Not satisfied with this rebuttal, Cevallos added that the persons who complained of this trifling inconvenience "had been enjoying the rights of deposit for four years more than was stipulated in the treaty, and this notwithstanding the great prejudice it occasioned to his Majesty's revenue, by making New Orleans the centre of a most scandalous contraband trade, the profits of which it is not improbable but that some of those individuals have in part received." Finally, he affirmed the Intendant's right to prohibit the deposit.

On receiving this paper, Monroe hesitated whether to break off the negotiation; but quickly came to the decision not to do so. His instructions expressly authorized him to abandon the entrepôt claims; while a rupture founded on the French spoliations, in the face of Talleyrand's threats, was rupture with France as well as with Spain, and exceeded his authority. He concluded to go on, although he saw that every new step involved new dangers.

Before Monroe had prepared a reply to the sharp letter on the claims convention, Cevallos wrote again. [7] In this letter, dated February 24, he discussed the West Florida boundary, and contented himself with stating the Spanish case as it stood on the treaties and public evidence. His argument contained no new points, but was evidently intended to lure the Americans into endless discussion. Monroe was obliged to follow where Cevallos led. February 26 he replied to the Spanish note on the claims. Beginning with complaints that Cevallos had not met with directness the American proposals; branching into other complaints that he had renewed propositions which Monroe had already declared incompatible with the rights of the United States; that he had charged the American government with trying to obtain double payment for the same loss, and had branded the whole American people as being in league with smugglers; that he had attacked the freedom of the press, and had called the right of deposit a charity of King Charles,—after adding that "it was impossible for us to have received a note which could have been more unexpected," the two American envoys began to discuss the French spoliation claims, "on the presumption that no premeditated outrage was intended." [8]

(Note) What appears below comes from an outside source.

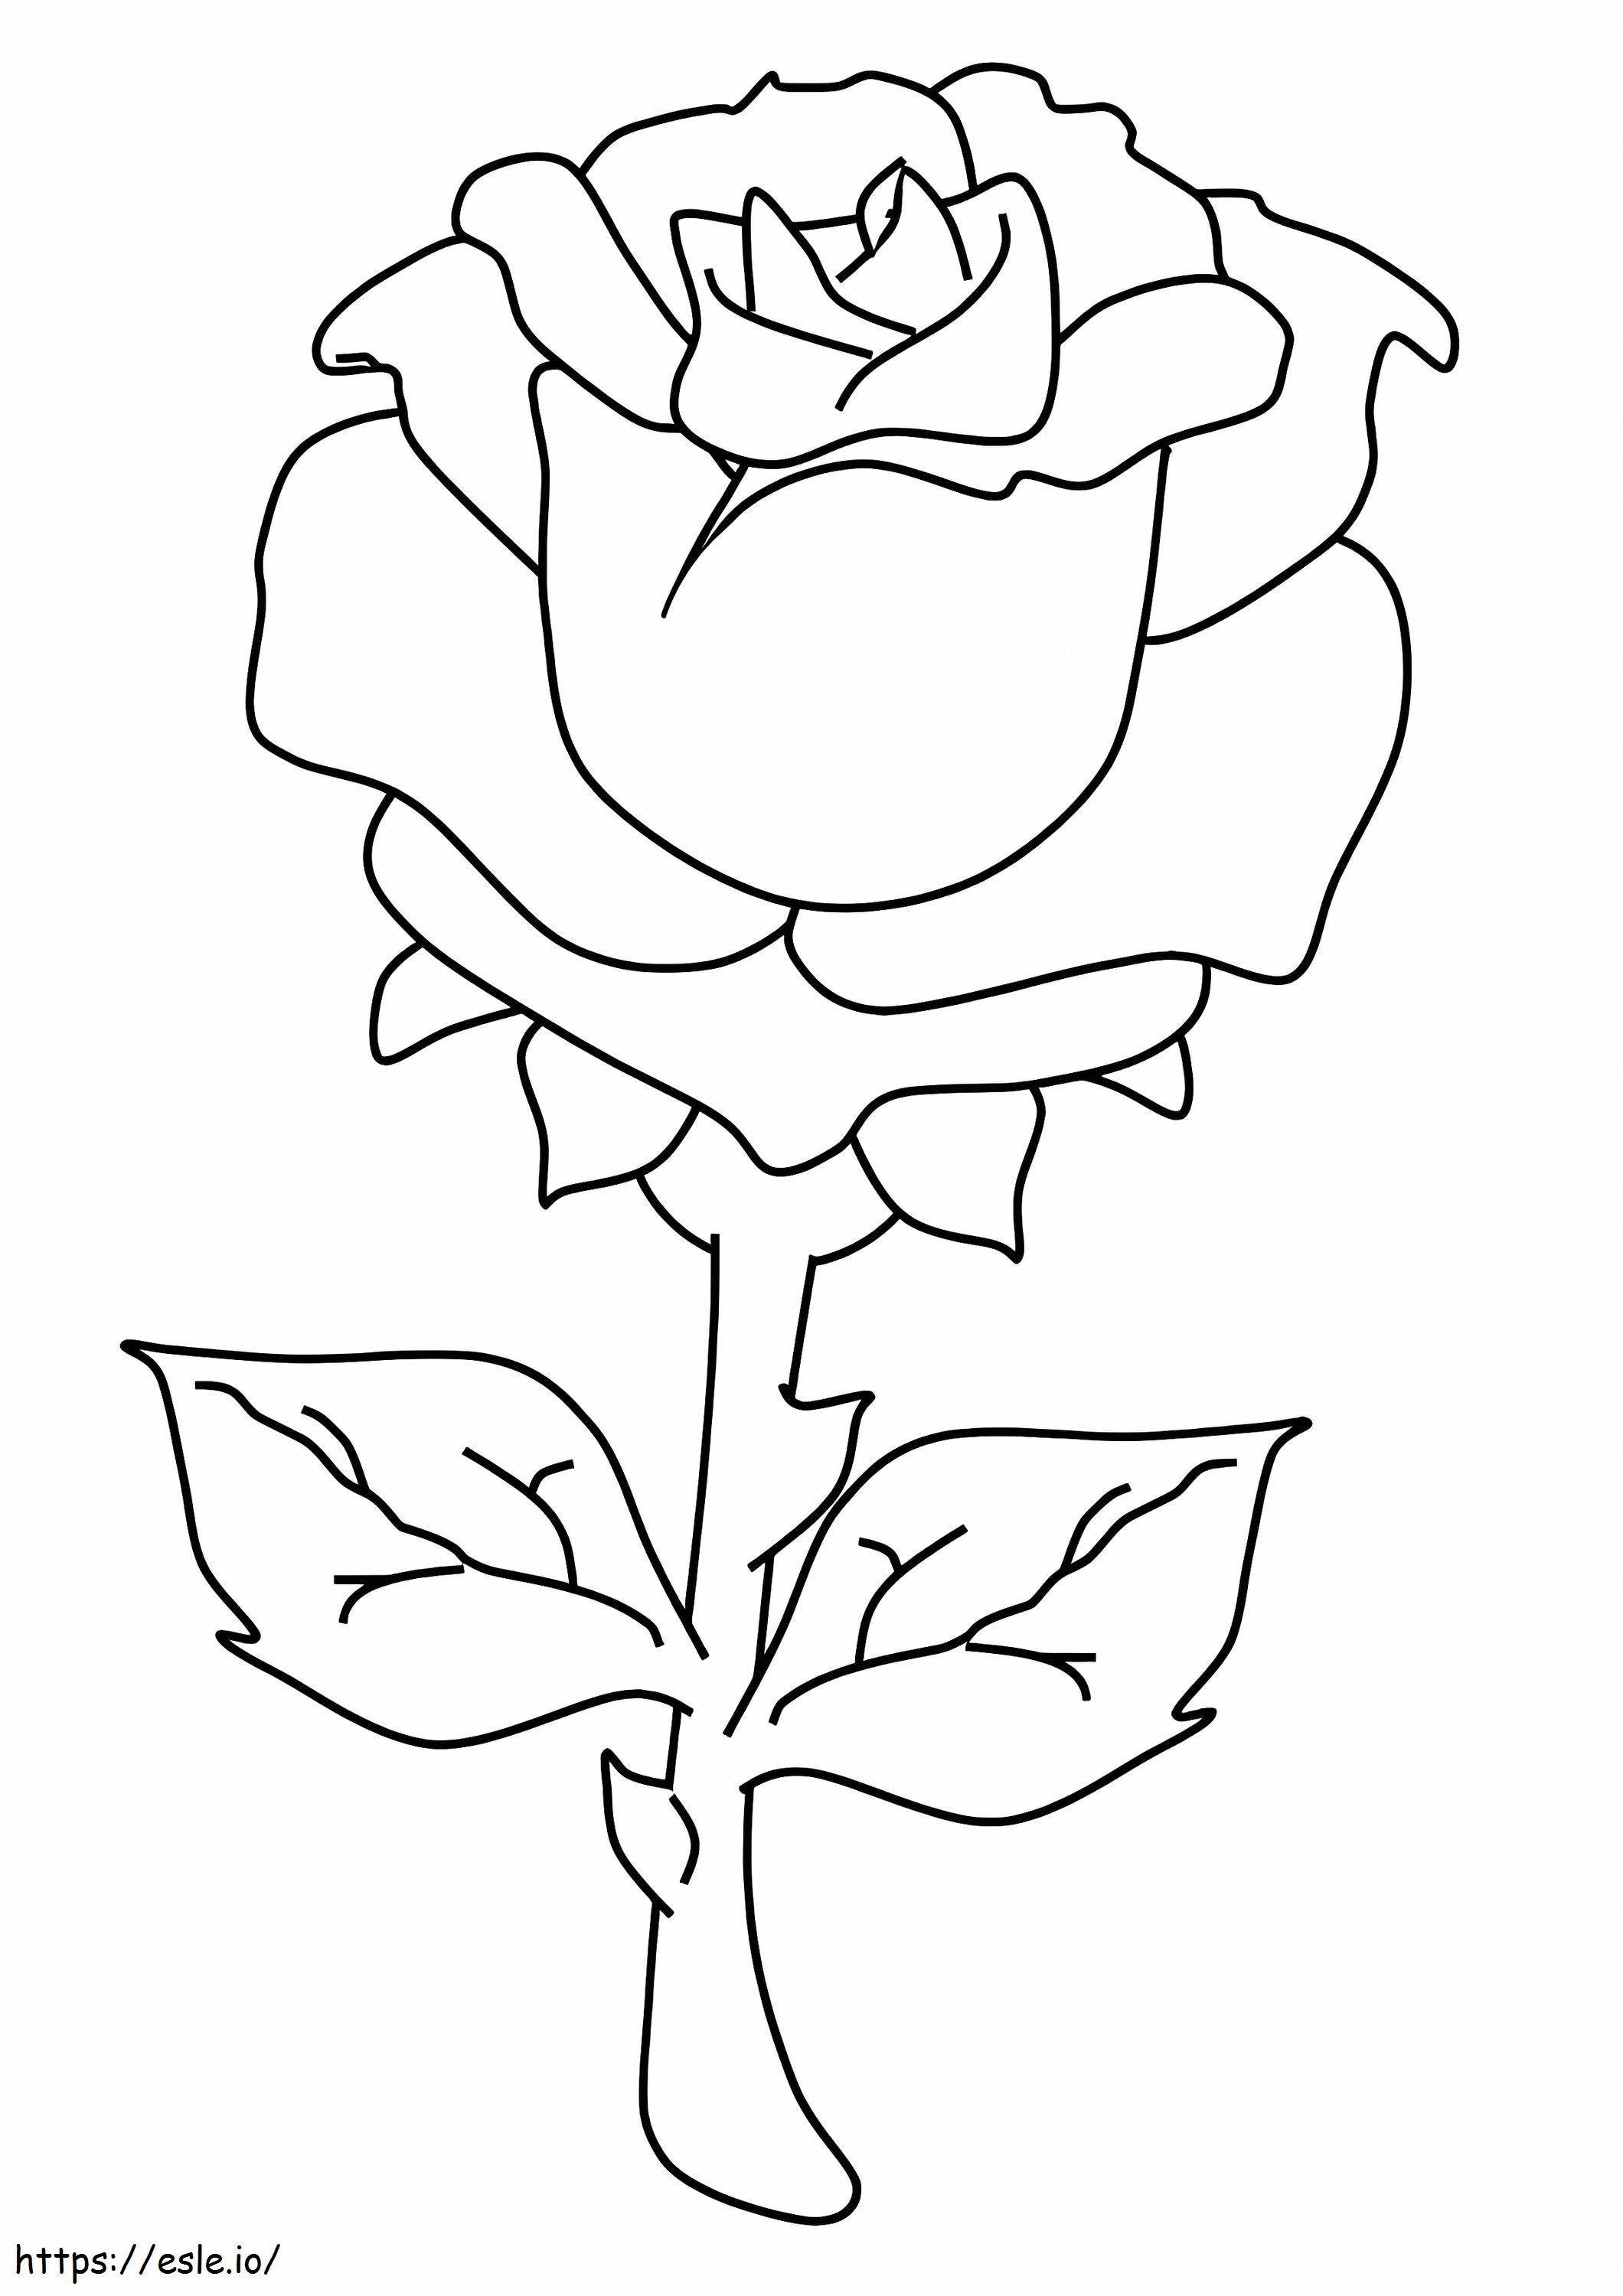  Piękna róża A4 kolorowanka

After a long argument on the French spoliations, Monroe's note next reached the most delicate point in discussion,—the positive order of Napoleon forbidding recognition of the claims. Treating the order as though it were only an expression of opinions, Monroe said, "We have received them with the consideration which is due to the very respectable authority from which they emanate. On all treaties between independent Powers each party has a right to form its own opinion. Every nation is the guardian of its own honor and rights; and the Emperor is too sensible of what is due to his own glory, and entertains too high a respect for the United States, to wish them to abandon a just sense of what is due to their own." Appealing finally to the positive orders of his own government. Monroe repeated that on these claims he must insist. Cevallos replied with a disavowal of "premeditated outrage;" and there, March 1, 1805, after Monroe had passed two months in Spain, he found himself at his starting-point, at a loss how to go forward or to recede.

Monroe received early in February Talleyrand's letter of Dec. 21, 1804, on the boundary of West Florida; [9] he next suffered the mortification of listening to Talleyrand's order of July 27, 1804, forbidding Spain to "condescend" to pay or even to discuss the French spoliation claims; and from these documents he saw that for nearly a year past the French and Spanish governments had combined to entrap and humiliate him. The fault was his own, for he had received plain, not to say rude, warning; but he was perhaps only the more angry on that account, and in his irritation he undertook to terrify Napoleon. March 1, 1805, under the full consciousness of his situation, he wrote to Armstrong at Paris;[10]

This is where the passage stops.